芝浜ファンタジー(前編)
こんにちは。
もしも落語の『芝浜』の世界に、ステータス画面やスキルが存在したら? という妄想から生まれた短編です。
クズだけど憎めない主人公と、それを支える(騙す)献身的なヒロインの掛け合いをお楽しみください。
「……旦那様」
「うーん……むにゃ……」
「旦那様、起きてください。もうお日様は中天ですよ」
「うるせえなぁ……俺はまだ眠いんだよ……あと五百年寝かせろ……」
俺は薄汚れた毛布を頭から被り直した。
俺の名前は、カッツ。前世は日本の社畜。過労死して、女神様に「次は自由に生きたい」と願ったら、この剣と魔法の異世界に転生させてくれた。

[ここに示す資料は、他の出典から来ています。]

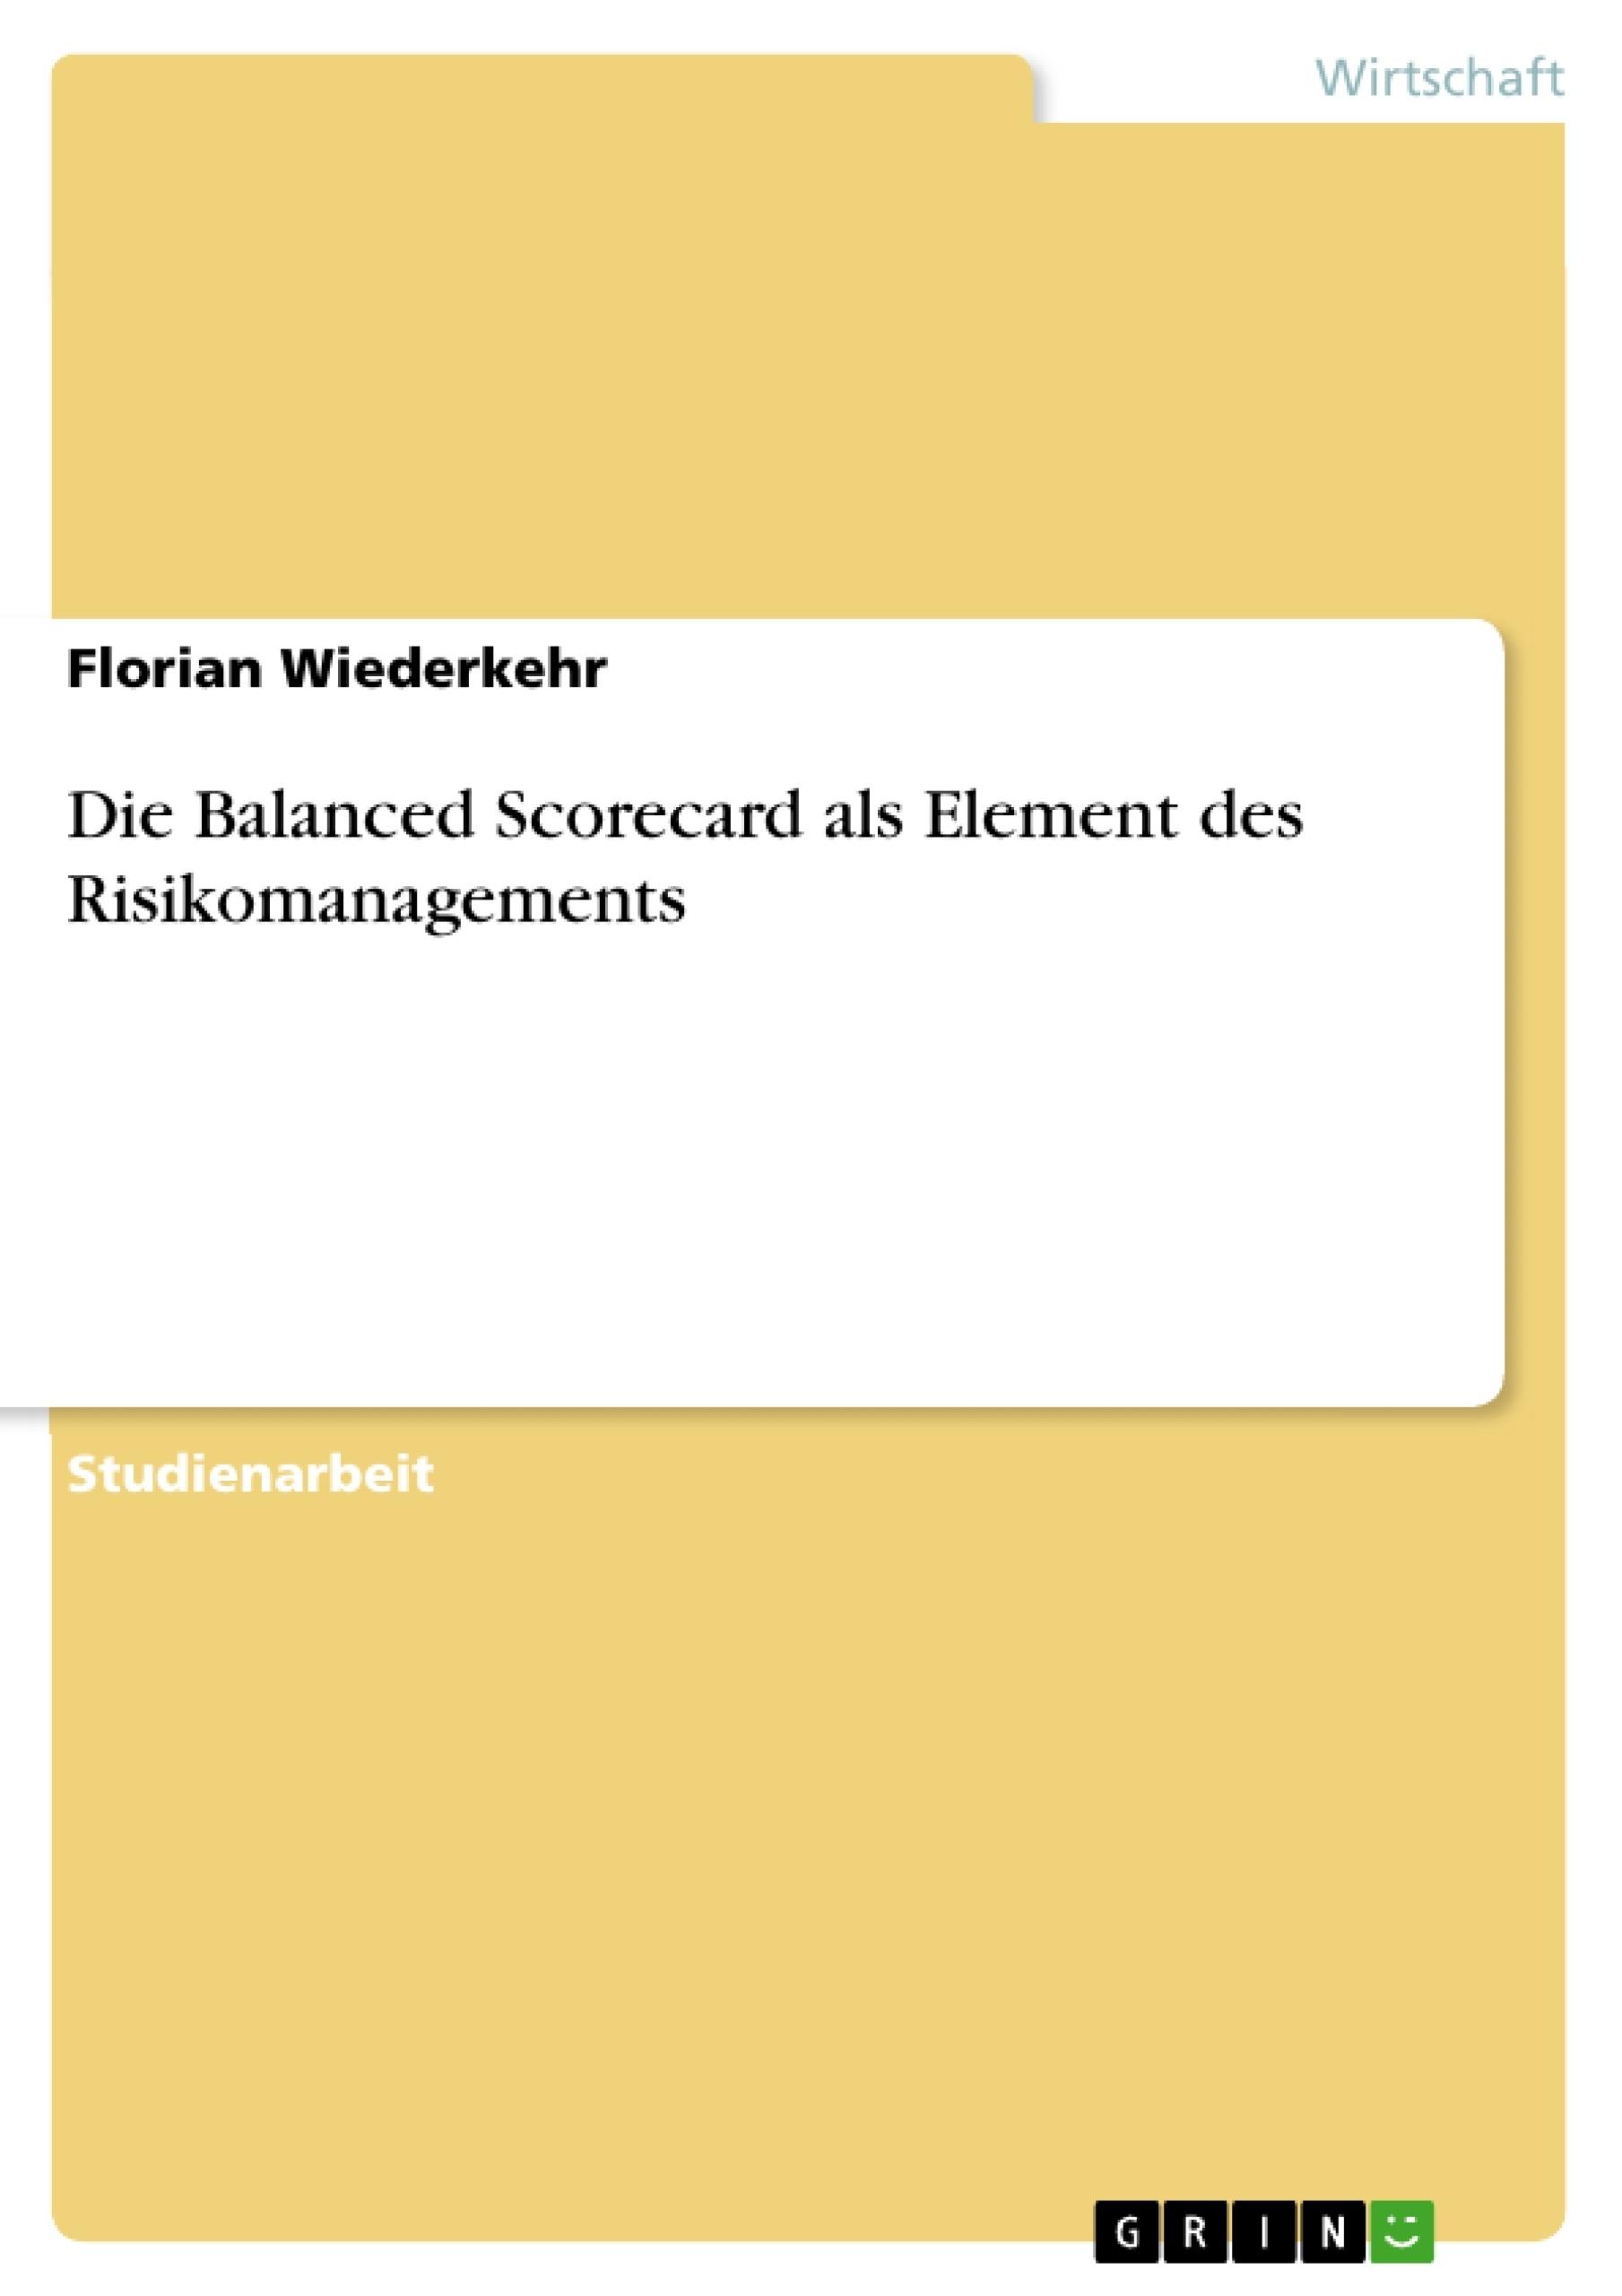 Titel: Die Balanced Scorecard als Element des Risikomanagements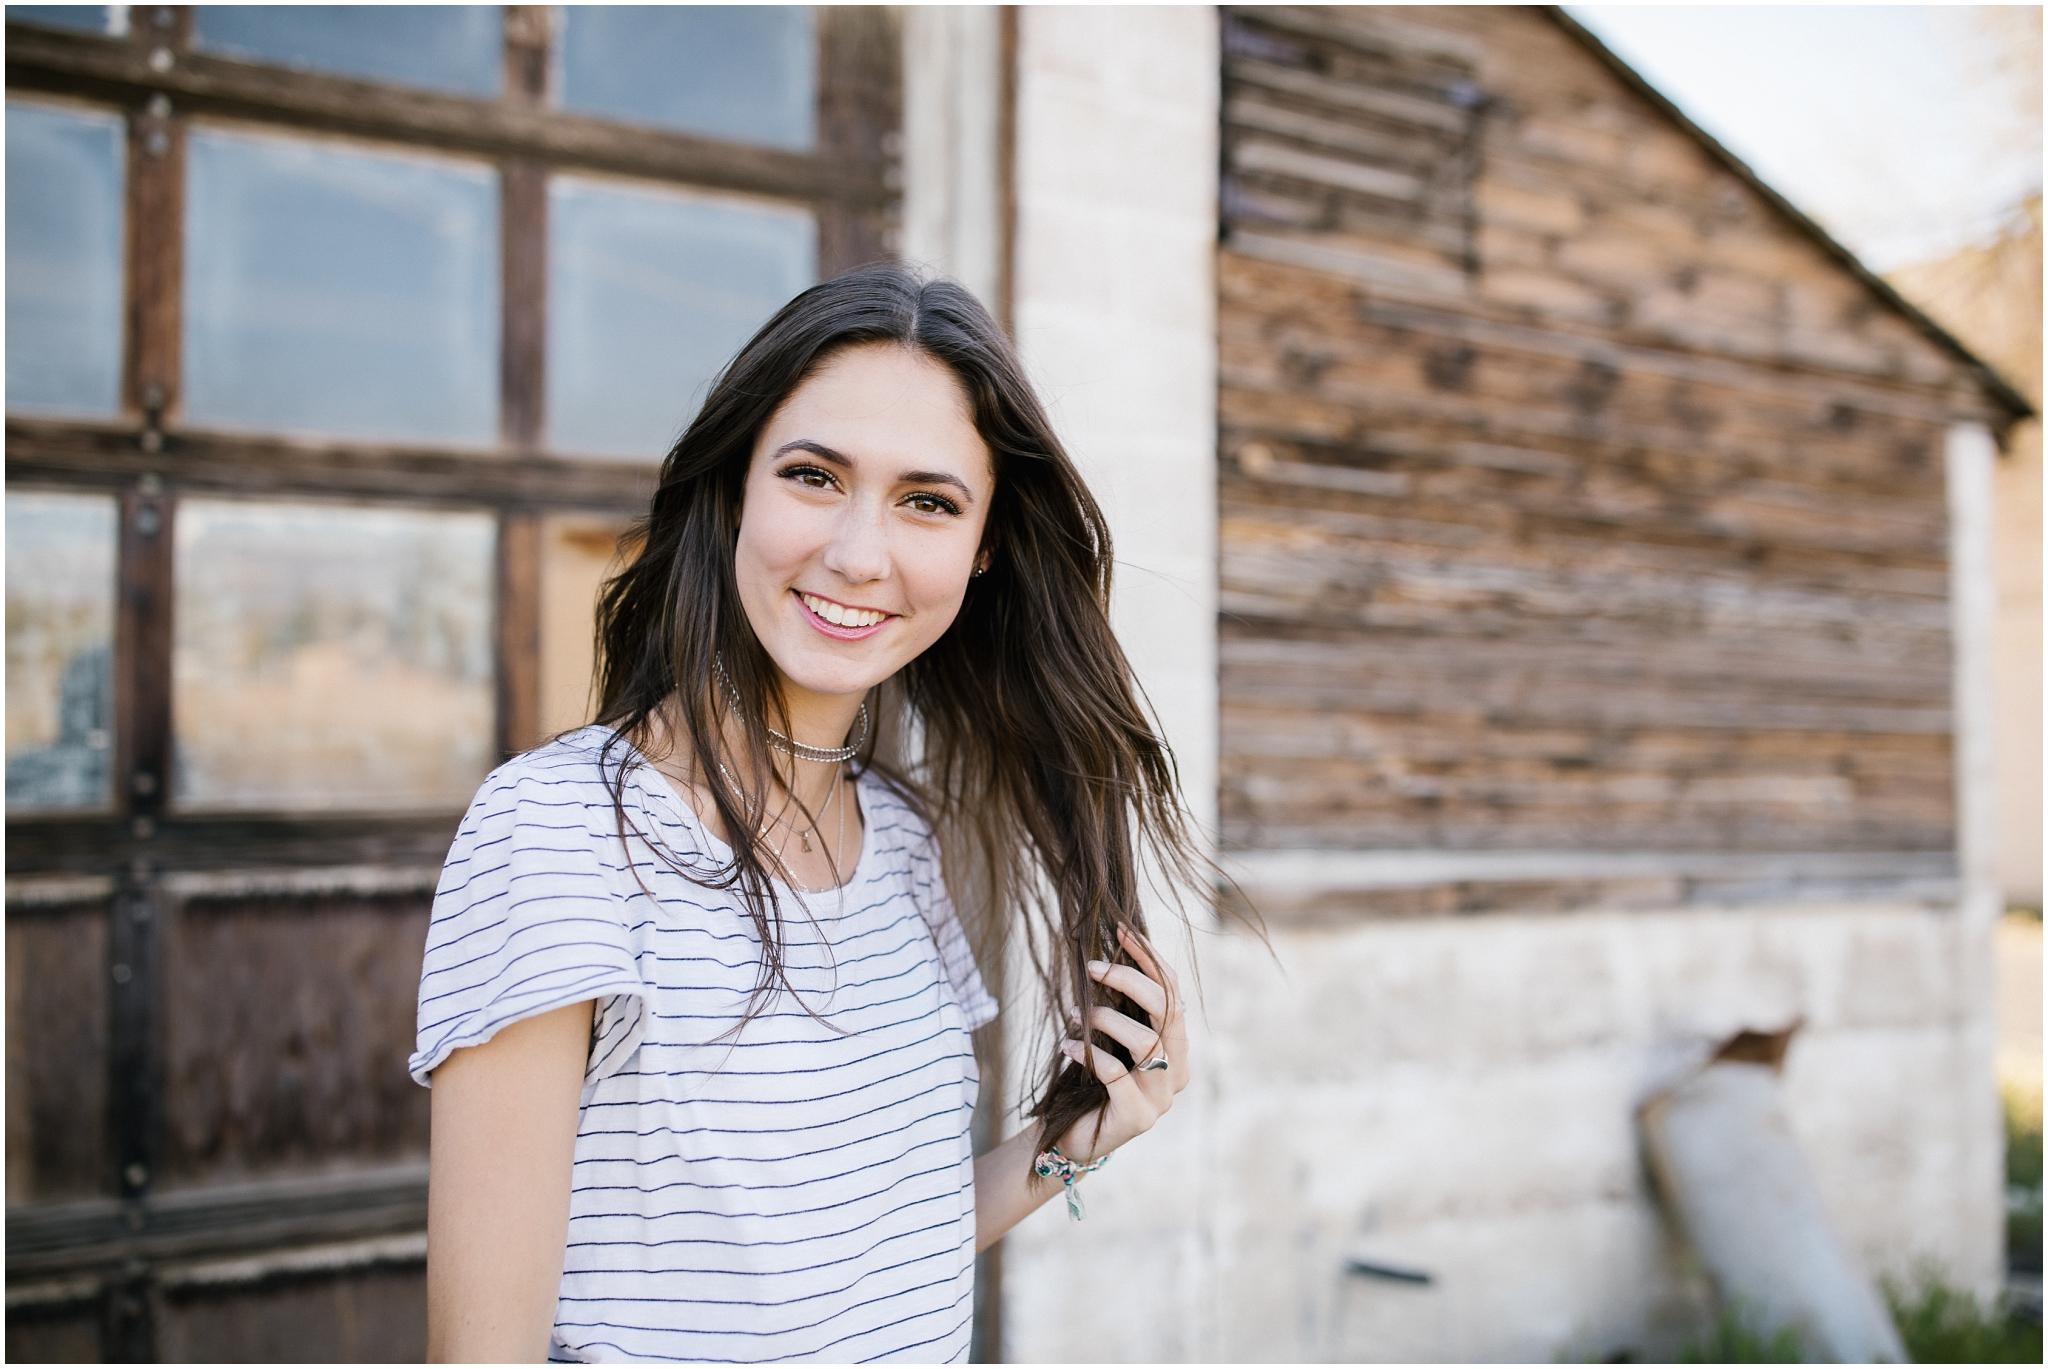 Lizzie-B-Imagery-Utah-Senior-Photographer-Central- Utah-Photographer-Utah-County_0012.jpg

もらったスキルはSランクの【強運(ラックS)】と【鑑定眼】。
これさえあれば、冒険者として無双してハーレム……なんて夢見た時期も俺にはありました。
現実は、甘くない。
強い魔物は怖いし、ダンジョンは臭いし、何より働くのがめんどくさい。
前世の反動ってやつだ。「働いたら負け」が俺の座右の銘になっていた。
「またお仕事に行かないつもりですか? 今日こそは海岸の『低級スライムダンジョン』で魔石を拾ってくる約束でしょう」
冷ややかな声と共に、毛布をひっぺがされた。
そこに立っていたのは、狐耳をピコピコさせた銀髪の少女、ハマーだ。
俺が気まぐれに借金を肩代わりして救った元奴隷だが、今ではすっかり俺の保護者面をしている。
「ちぇっ、わーったよ。行きゃいいんだろ、行きゃあ」
俺は渋々起き上がり、ボロボロの革鎧を身につけた。
腰には錆びついたショートソード。懐には小銭が数枚。
これが、転生して三年経った俺の全財産だ。
「行ってくるぜ、ハマー。土産は特上の『オーク肉の串焼き』でいいか?」
「……魔石を換金してから言ってください。行ってらっしゃいませ」
ハマーの呆れた視線を背中に感じながら、俺は長屋を出た。
◇
港町特有の潮風が鼻をくすぐる。
俺が向かったのは、街外れの海岸沿いにある初心者向けダンジョンだ。
ここは魔物も弱いが、実入りも少ない。
俺のようなその日暮らしの「Fランク冒険者」の吹き溜まりだ。
「あーあ、だりぃ。どっかに1億ゴールド落ちてねえかなぁ」
波打ち際を歩きながら、俺はあくびをした。
その時だった。
《スキル【強運】が発動しました》
脳内に無機質なアナウンスが響く。
次の瞬間、俺の足がつまづいた。
「おっと! ……ん? なんだこれ」
砂浜に、何かが埋もれていた。
波に洗われてキラリと光るそれを拾い上げる。
それは、古びた革袋だった。ずしりと重い。
恐る恐る中身を覗き込むと――。
「……は?」
そこに入っていたのは、拳ほどの大きさがある、青く透き通った宝石だった。
ただの宝石じゃない。内側にまるで海そのものを閉じ込めたような、神秘的な輝きを放っている。
俺は震える手で、【鑑定眼】を発動させた。
【名称:海竜王の涙】
【ランク:神話級】
【効果:所持者に『水属性完全無効』『海中呼吸』を付与。魔力回復速度+5000%】
【推定価格:測定不能(国家予算規模)】
「…………」
俺は一度、袋の口を閉じた。
深呼吸をする。
もう一度開ける。
【推定価格:測定不能(国家予算規模)】
「…………き」
「き?」
「き、きたああああああああああああッ!!!」
俺の絶叫が、カモメたちを驚かせて飛び立たせた。
神話級! 国家予算! 測定不能!
つまり、これさえあれば!
「遊んで暮らせる! 酒が飲める! 一生働かなくていいんだあああああッ!!」
俺は革袋を懐にねじ込むと、ダンジョン探索など放り出して、全力疾走で街へ戻った。
◇
「おやっさん! 酒だ! 店にある一番高い酒を持ってこい!」
俺が駆け込んだのは、冒険者ギルド併設の酒場ではなく、貴族も通う高級レストラン『金のグリフォン亭』だった。
普段なら門前払いされるような店だが、俺が見せた「海竜王の涙」の輝きを見た瞬間、支配人の顔色が変わり、VIPルームへと通された。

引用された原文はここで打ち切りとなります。